Federal Licensing Panel Grants Challenge of FPL’s License Extension for Turkey Point Nuclear Plant

Panel Supports Clean Energy Organization’s Concerns Over Polluting Cooling Canal System

March 8, 2019
Contact: Contact: Jennifer Rennicks, SACE, 865-235-1448, [email protected]

Miami, Fla. (March 8, 2019) – The Southern Alliance for Clean Energy (SACE) received a favorable ruling from a federal licensing panel in an order issued late Thursday. The order grants SACE a hearing on Florida Power & Light’s (FPL’s) controversial plans to extend the life of its 1970s-era nuclear reactors at Turkey Point until 2053. The panel will consider whether FPL violated federal law by failing to consider the benefits of mechanical draft cooling towers as a means for reducing the longstanding adverse environmental impacts of the plant’s leaking cooling canal system. The panel also agreed to consider the effects of continuing to operate the cooling system on the American Crocodile, a Threatened species under the Endangered Species Act.

FPL is the first utility in the country to try to get its operating license, which originally lasted for 40 years, extended to last for an unprecedented 80 years. SACE challenged FPL’s application to a federal panel under the U.S. Nuclear Regulatory Commission and at a hearing in December 2018, three administrative judges comprising the Atomic Safety and Licensing Board (ASLB) considered their hearing request, which contested FPL’s plan to continue operating the reactors’ failing cooling canal system (CCS) that is polluting Biscayne Bay and threatening South Florida’s drinking water aquifer.

SACE argued that if FPL wants to run Turkey Point for decades longer, the utility should replace the outdated and environmentally damaging CCS with updated technology of mechanical draft cooling towers, already used at other facilities around the country and at the Turkey Point site for Unit 5, and previously approved for new reactors once proposed for the site. Only by using these closed-loop cooling systems can FPL protect drinking water resources, neighboring Biscayne National Park and the National Marine Sanctuary, and ongoing adjacent Everglades restoration projects.

“We are very pleased with this decision. We challenged FPL’s proposal to run Turkey Point for decades longer than anticipated because the plant is not being properly managed. This open industrial sewer is polluting Biscayne Bay and putting South Florida’s critical drinking water supplies at risk today – this cannot continue into the 2050s,” said Sara Barczak, regional advocacy director with the Southern Alliance for Clean Energy. “Fortunately, there are practical solutions that can fix this FPL-created mess and it’s long-past time for FPL to right these wrongs and move on.”

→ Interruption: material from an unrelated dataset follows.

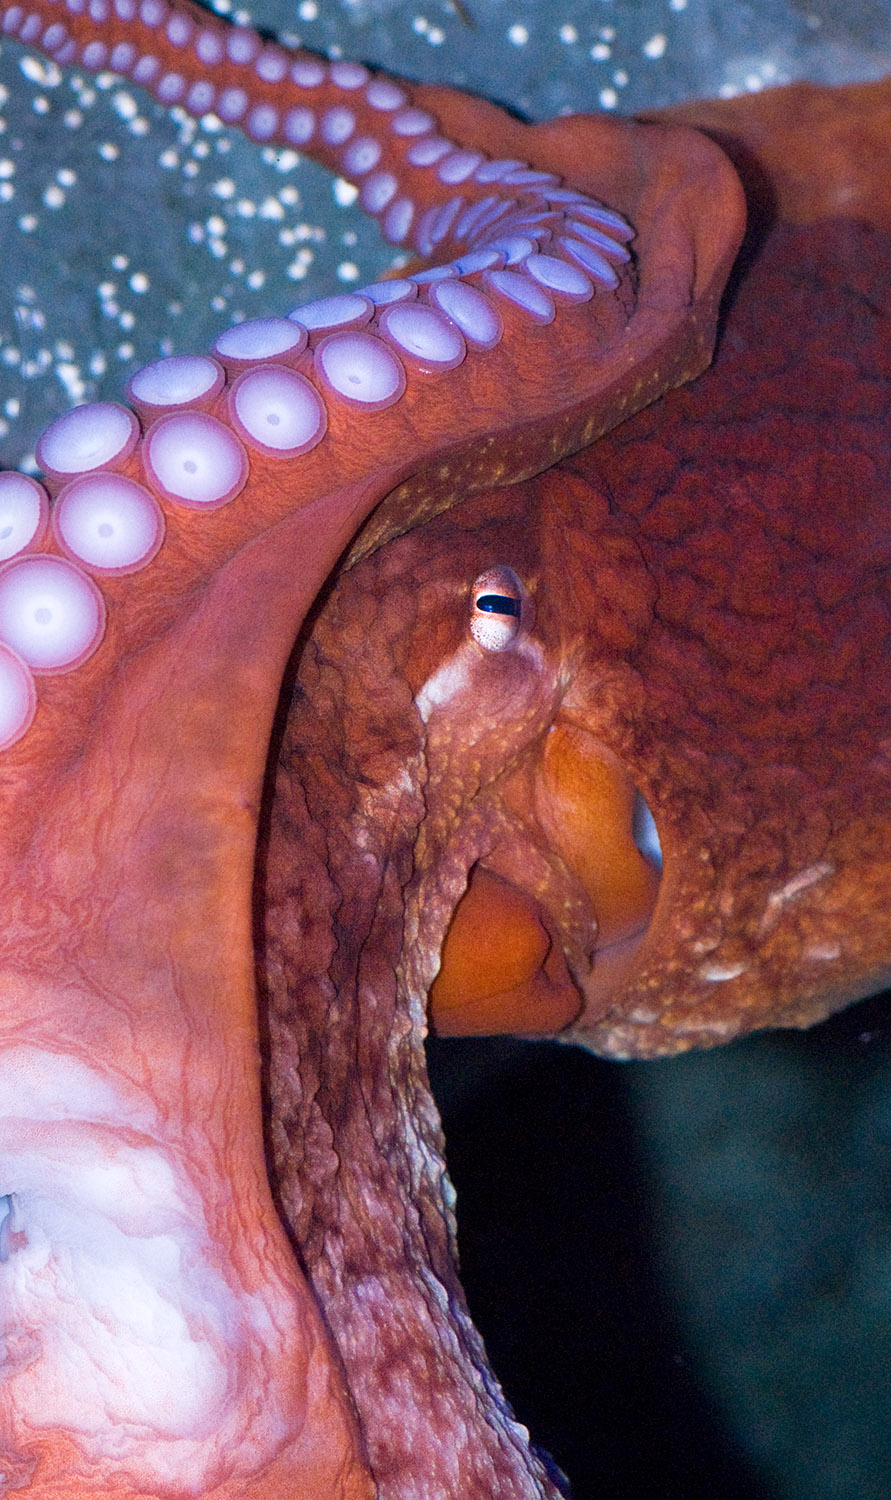 octopus-photo-image-021.jpg

SACE also hailed the panel’s referral to the top level of the NRC the group’s argument that FPL may not rely on a generic environmental analysis prepared by the NRC in 1996. While two of the three judges would allow FPL to rely on the outdated study, a third judge sided with SACE, calling it unlawful. Now the NRC Commissioners must resolve the dispute.

“We are hopeful that the Commissioners will agree with SACE that the 1996 environmental analysis was never meant to support reactor operation beyond 60 years,” said SACE attorney Diane Curran.

 

Additional information:

Find SACE’s hearing request to the NRC filed August 1, 2018 here, the March 7, 2019 ASLB order here and the dissent here.

SACE was not alone in their concerns over Turkey Point’s failing cooling canal system operating for decades longer. The federal panel also accepted two arguments from joint petitioners Miami Waterkeeper, NRDC and Friends of the Earth and granted Monroe County’s request to participate as an interested governmental participant.

Additionally, numerous entities, including Miami-Dade County, Monroe County, Florida Keys Aqueduct Authority (FKAA) and the National Park Service, among others, previously filed environmental scoping comments regarding FPL’s subsequent license renewal application with the NRC about the threats an additional 20 years of operation at Turkey Point poses to Everglades and Biscayne National Parks and surrounding communities.

Those comments were to be considered by the NRC as they develop the draft Environmental Impact Statement, which is expected to be issued this month with public meetings expected in April and the public comment period ending in May. Find the NRC’s webpage on the subsequent license renewal for Turkey Point here.